3. What fears have you overcome or what fears are still holding you back from potential? How have you used your relationship to fear in your creative practice?
4. Where are you spending most of your creative energy gathering skill? Observation, Memory, Imagination or Expression.
5. What questions have you been able to answer through your creative practice this year? What questions have arisen from your creative practice?
6. Who are you making the work for?
From those basic questions, I suggest you come up with at least 5 more for yourself that are specific to your themes and work. Look over your output for this past year, or even this past decade and as you evaluate your personal development. See how you have grown and where you think you are.
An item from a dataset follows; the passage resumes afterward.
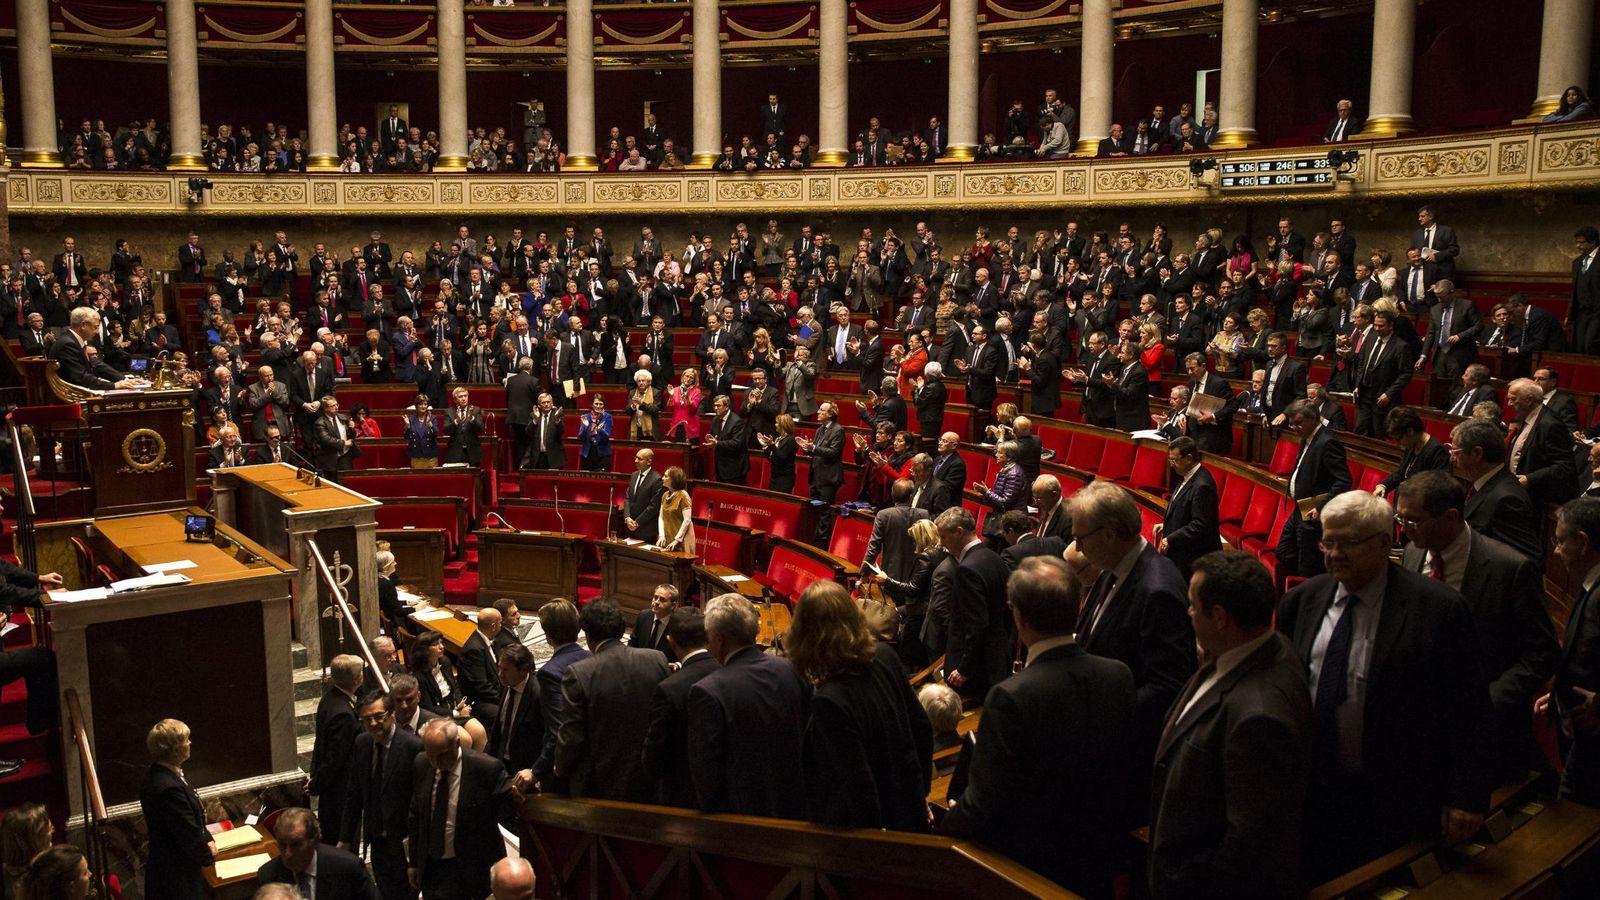 Foto: La asamblea nacional francesa aprueba el reconocimiento de palestina como estado

It is very important to figure out how to look at your work and see how it shows you where you have been and where you might need to go. This is where you can be both compassionate and critical…able to see how much work you have done and what you have accomplished without holding it as precious so that you are able to continue to grow and expand from where you are.
Consider how you will continue to move from this comfort zone to develop further in the months and years ahead. We can be proud of all the effort and work we have put into getting to this point and celebrate our accomplishments here…knowing we will have even more skills in our toolbox at this time next year.
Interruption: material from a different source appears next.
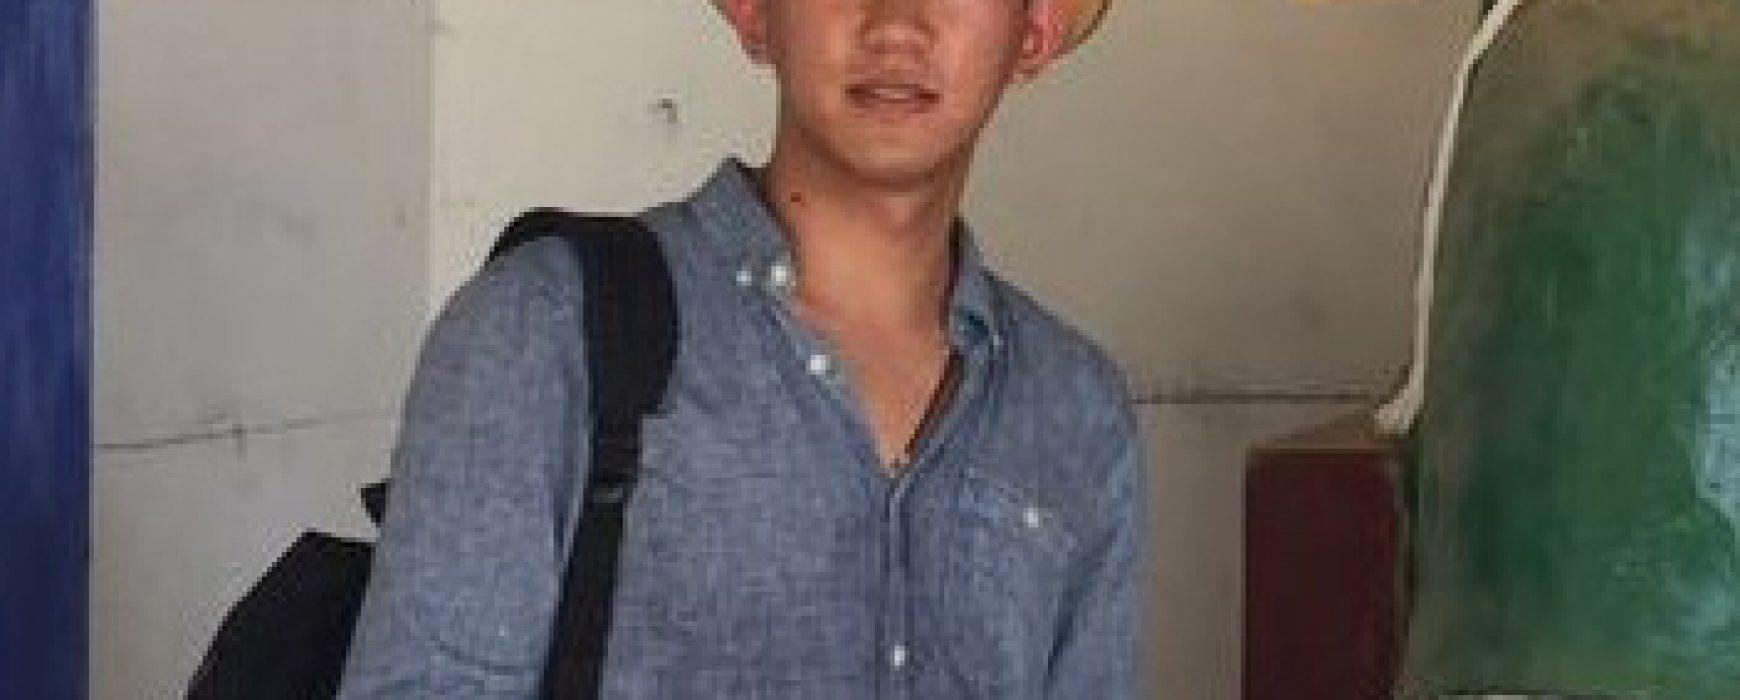 Wang, Yue

OK…some practices around these ideas that may spark some work…
- One of the ways we can make sure we use those skills we are developing in our craft in new and unique ways is to continue to develop our philosophical ideas and focus on personal psychological development as well. Think back over those dualities of the 10 traits of highly creative people and see honestly where you think you fall there. Are you close to the center of the wheel or are you still holding on to the tire? I will put my recap of those 10 ideas and a link to the actual article for you to review in the show notes link and encourage you to take time to think about your relationship to his ideas and research.
- Choose one of the 10 traits discussed and build work from where you are. For example…and easy one to consider at this time of the year is number 8. This was the one that is both traditional and rebellious. Where you can appreciates traditions and yet is able to let go of traditions that no longer serve you or to re envision them in ways more conducive to who you are. At this very tradition focused time of year around the holidays…what traditions have you held onto and why? What are ones you have let go of? Why are traditions so important to the winter holidays…are there new ways you could create from this? It doesn’t have to be that one…it could be any of the 10 traits that you want to work with…but pick one and see if you can create some new work from the ideas that arise when you try to see where you are with balancing those dualities.
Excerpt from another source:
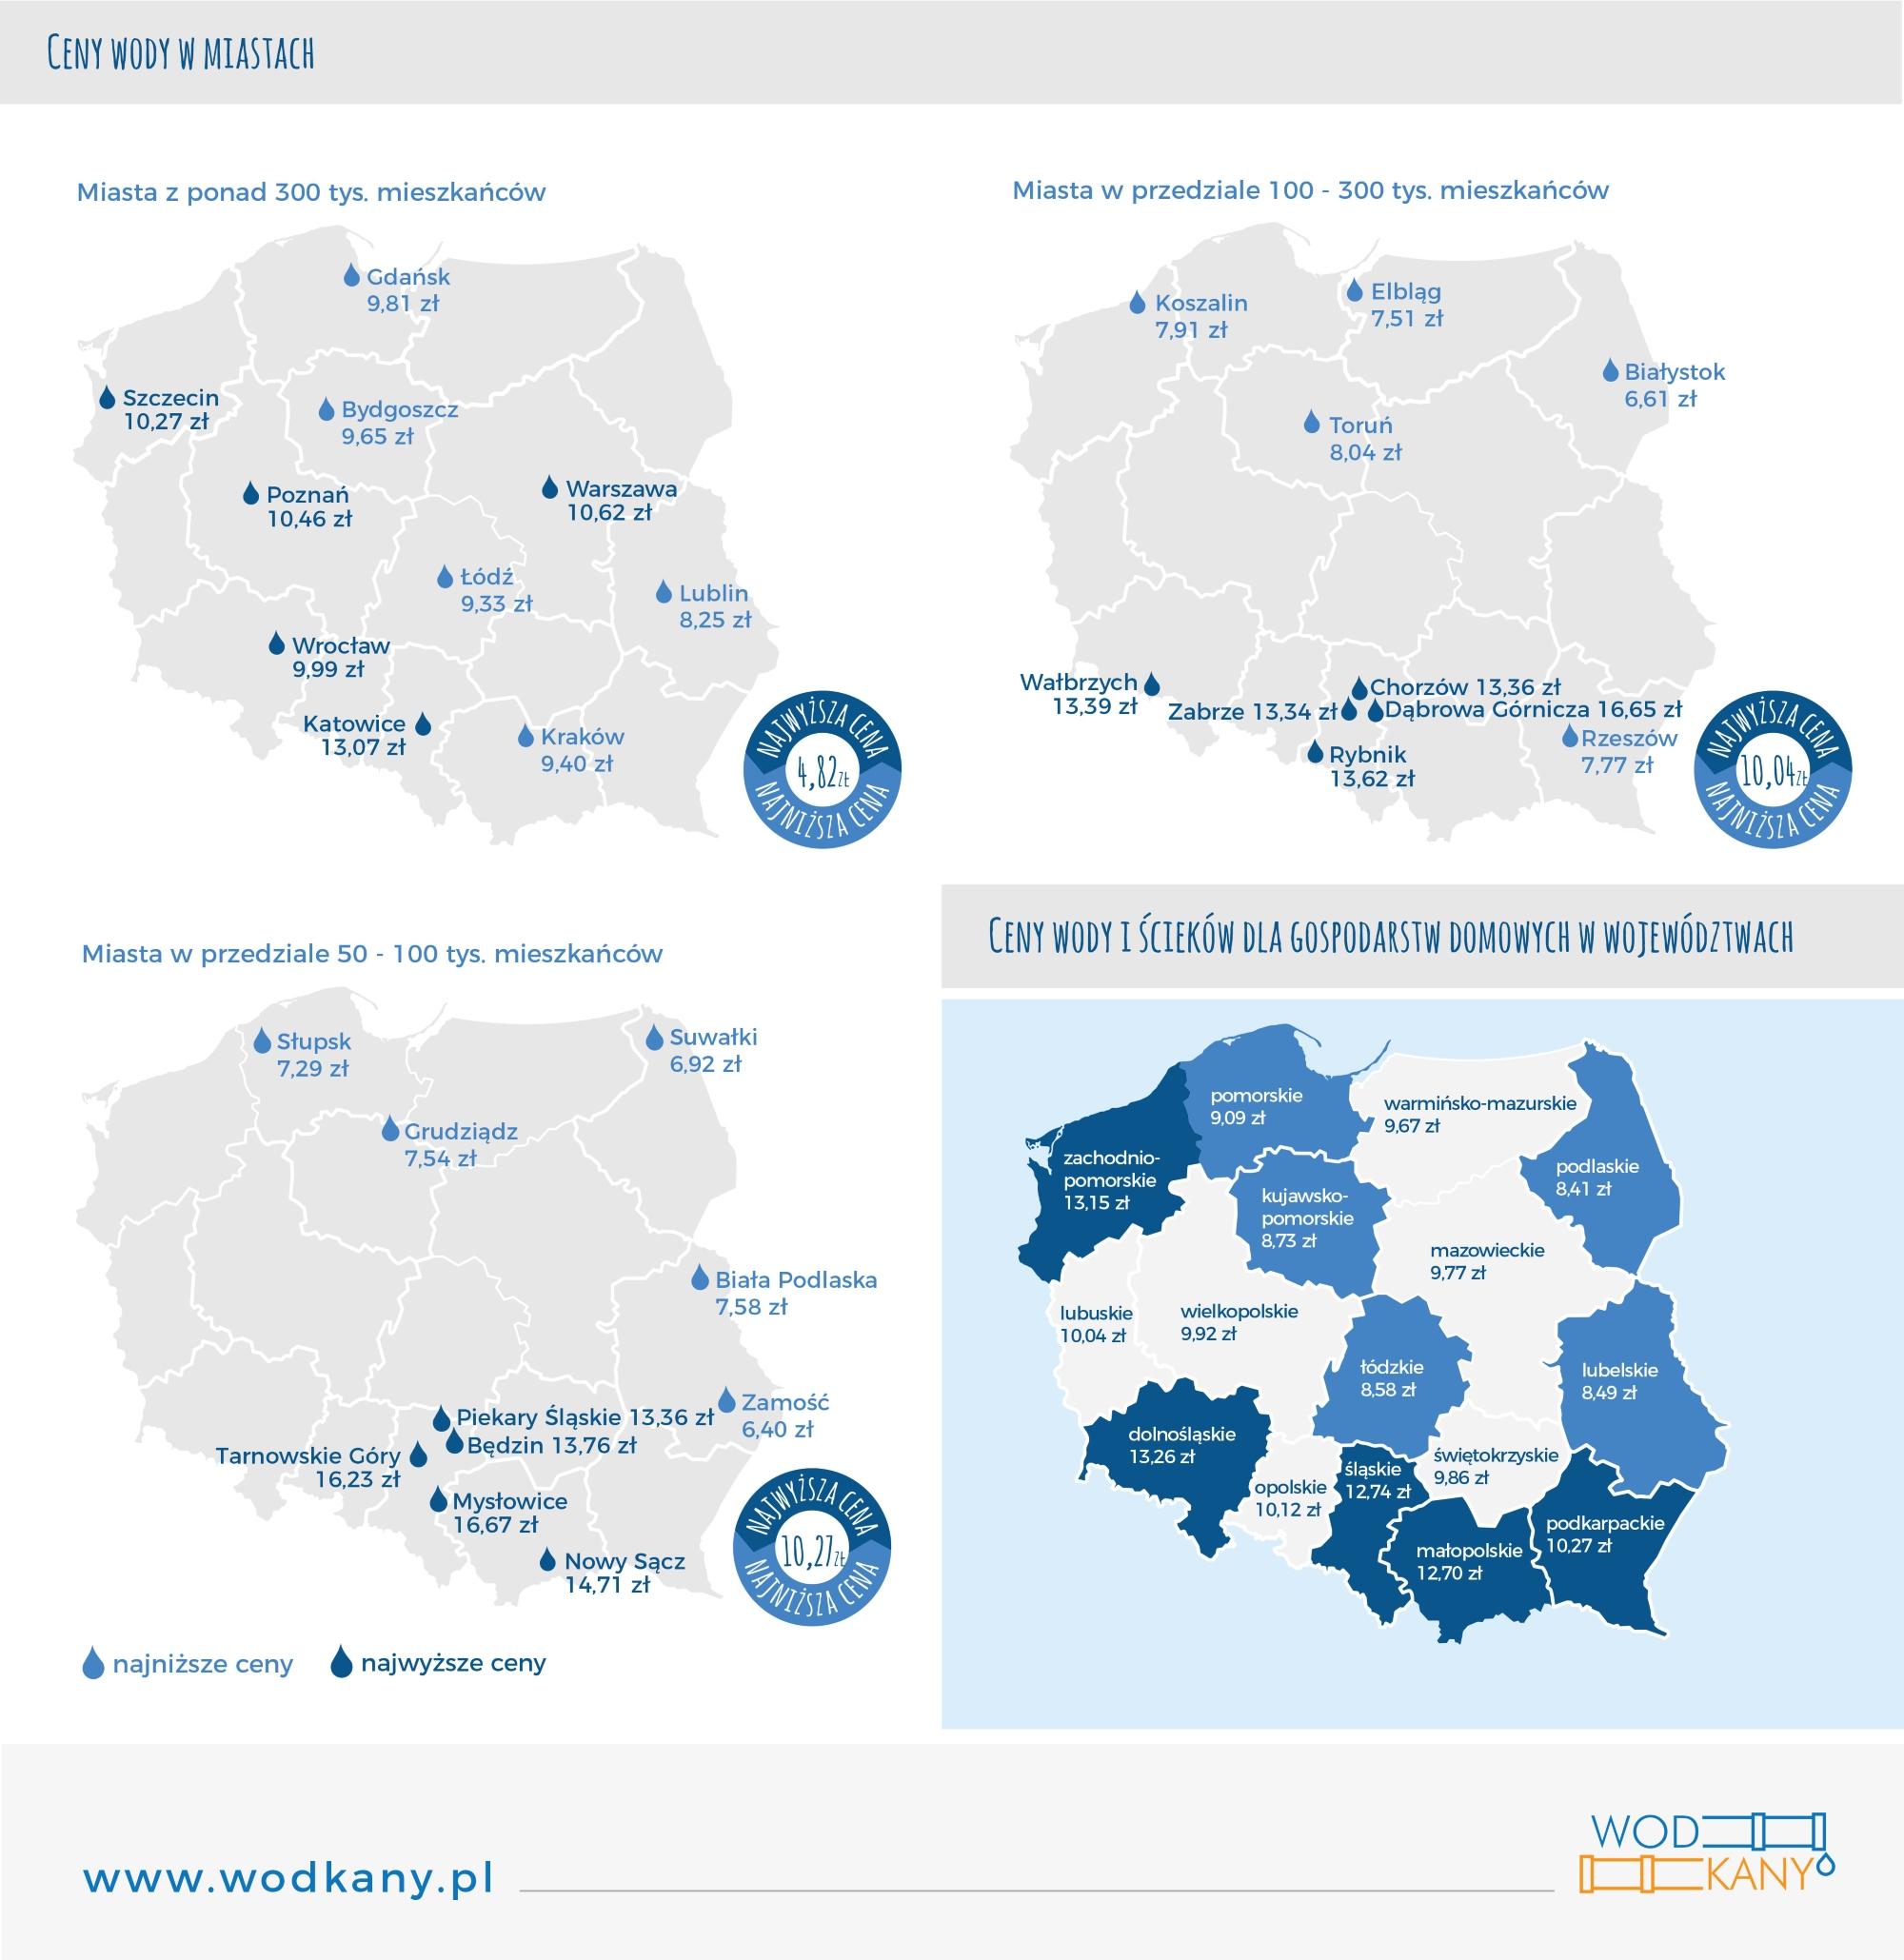 infografika-ceny-wody-w-polsce-wodkany-blog_net

- I would suggest you consider if you are working with big c or small c creativity. I cannot stress enough how valuable both of these are…as many people are not actively working with creativity at all. So there is not judgement on big or small…the world needs both. The question really is, are you working on personal development with your creative practice or are you working on ideas that are more universal and for more than just you? And this is more than just knowing your audience…it’s about where you see your sphere of influence and what you want that to be.
- And finally…as we head towards the longest night of the year and the return of the light. What are you going to be bringing from the dark into the light in the coming year? What have you found from your time in the shadows this fall that you are going to warm through the winter to bring forward in spring?